**AVAILABLE DATA:**

= = =

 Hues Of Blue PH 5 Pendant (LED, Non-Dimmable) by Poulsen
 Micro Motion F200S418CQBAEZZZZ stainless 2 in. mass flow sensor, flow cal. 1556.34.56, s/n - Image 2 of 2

= = =

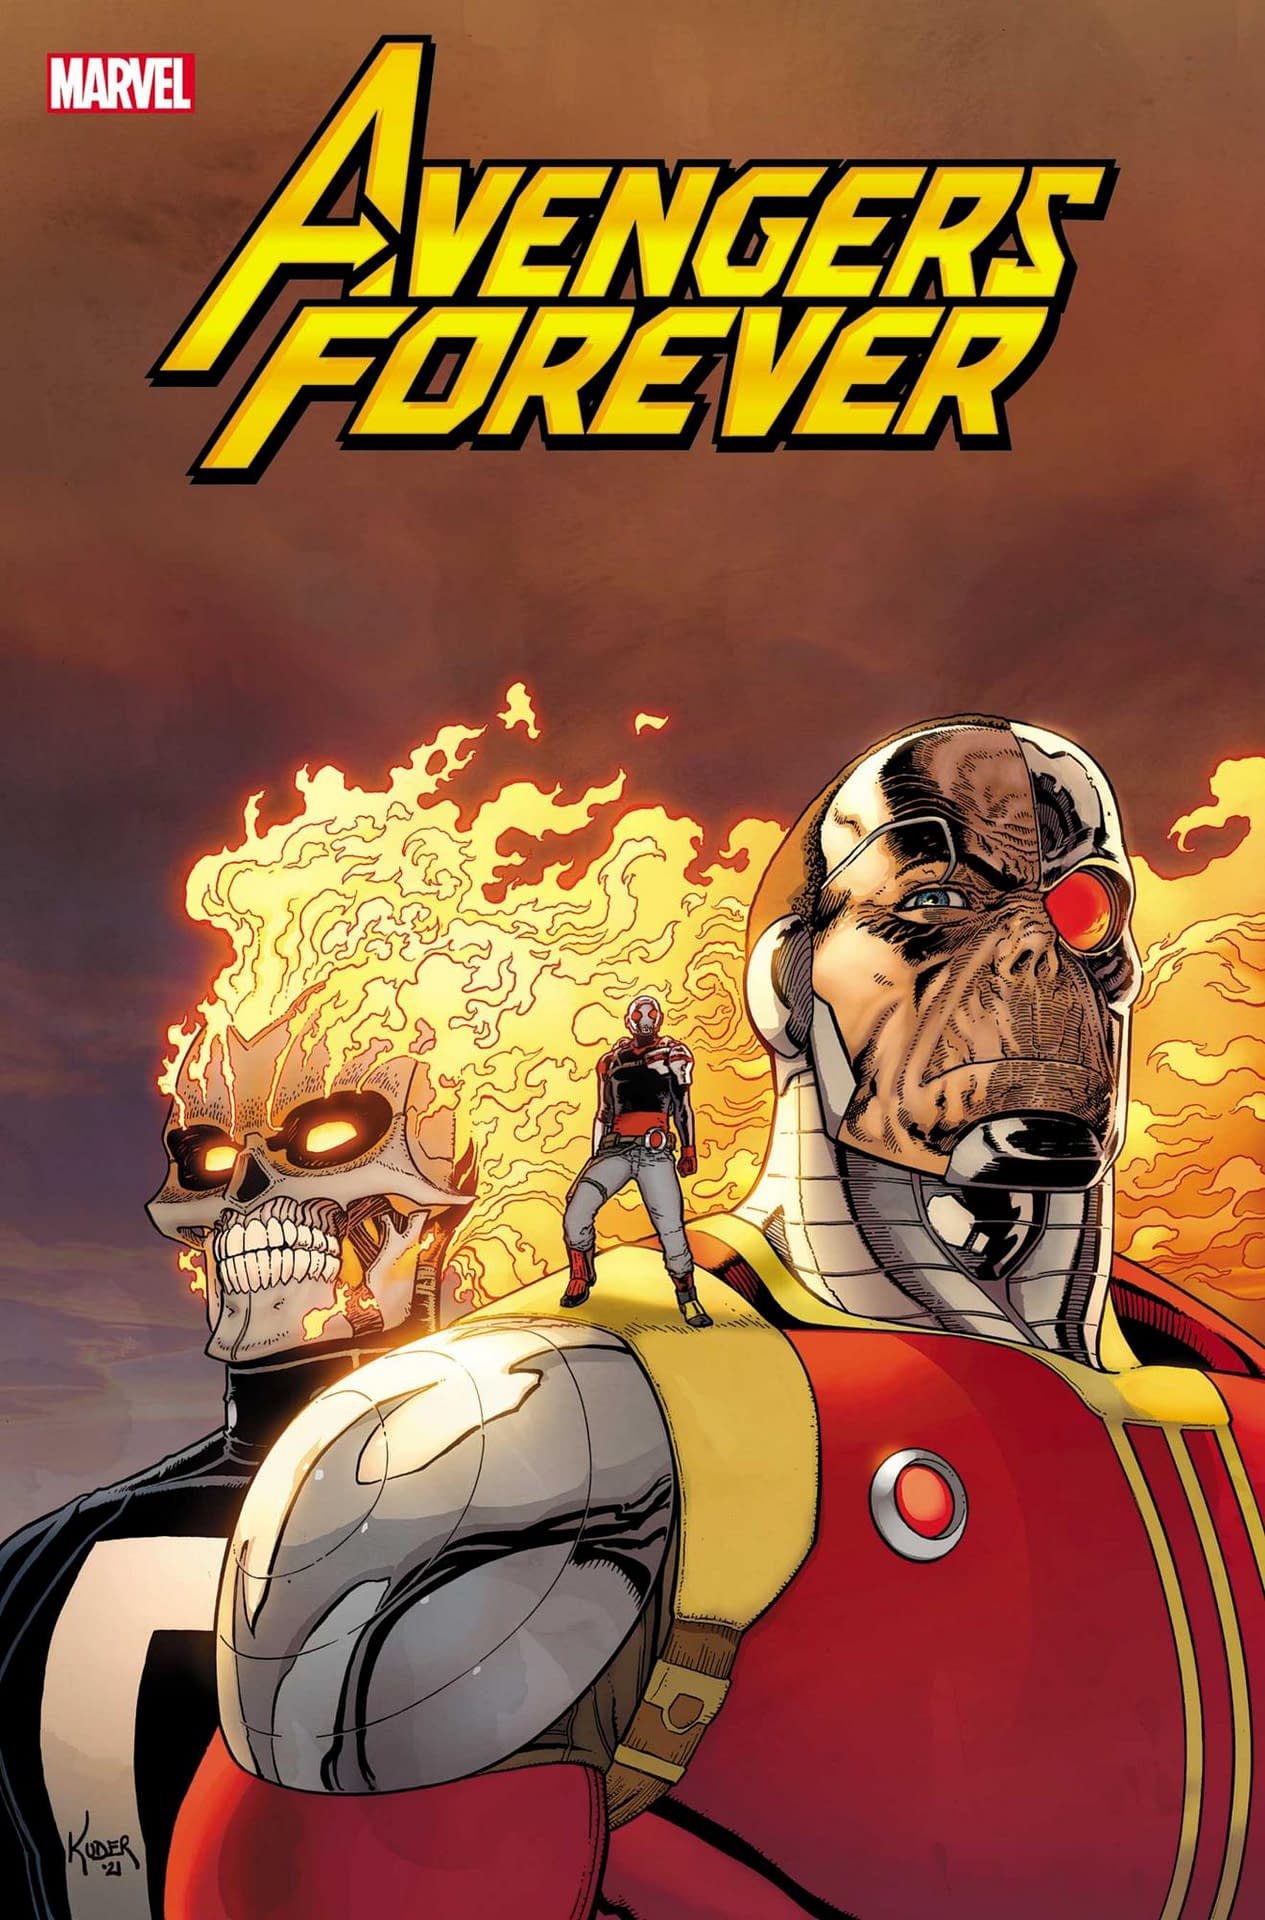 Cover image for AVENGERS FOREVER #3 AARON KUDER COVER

= = =

**WORK INSTRUCTIONS:** From the entries above, restate word for word the lines from the line containing "Hues Of Blue" to the line containing "Micro Motion F200S418CQBAEZZZZ", both ends included, and nothing more.

**PROBLEM SOLUTION:**
 Hues Of Blue PH 5 Pendant (LED, Non-Dimmable) by Poulsen
 Micro Motion F200S418CQBAEZZZZ stainless 2 in. mass flow sensor, flow cal. 1556.34.56, s/n - Image 2 of 2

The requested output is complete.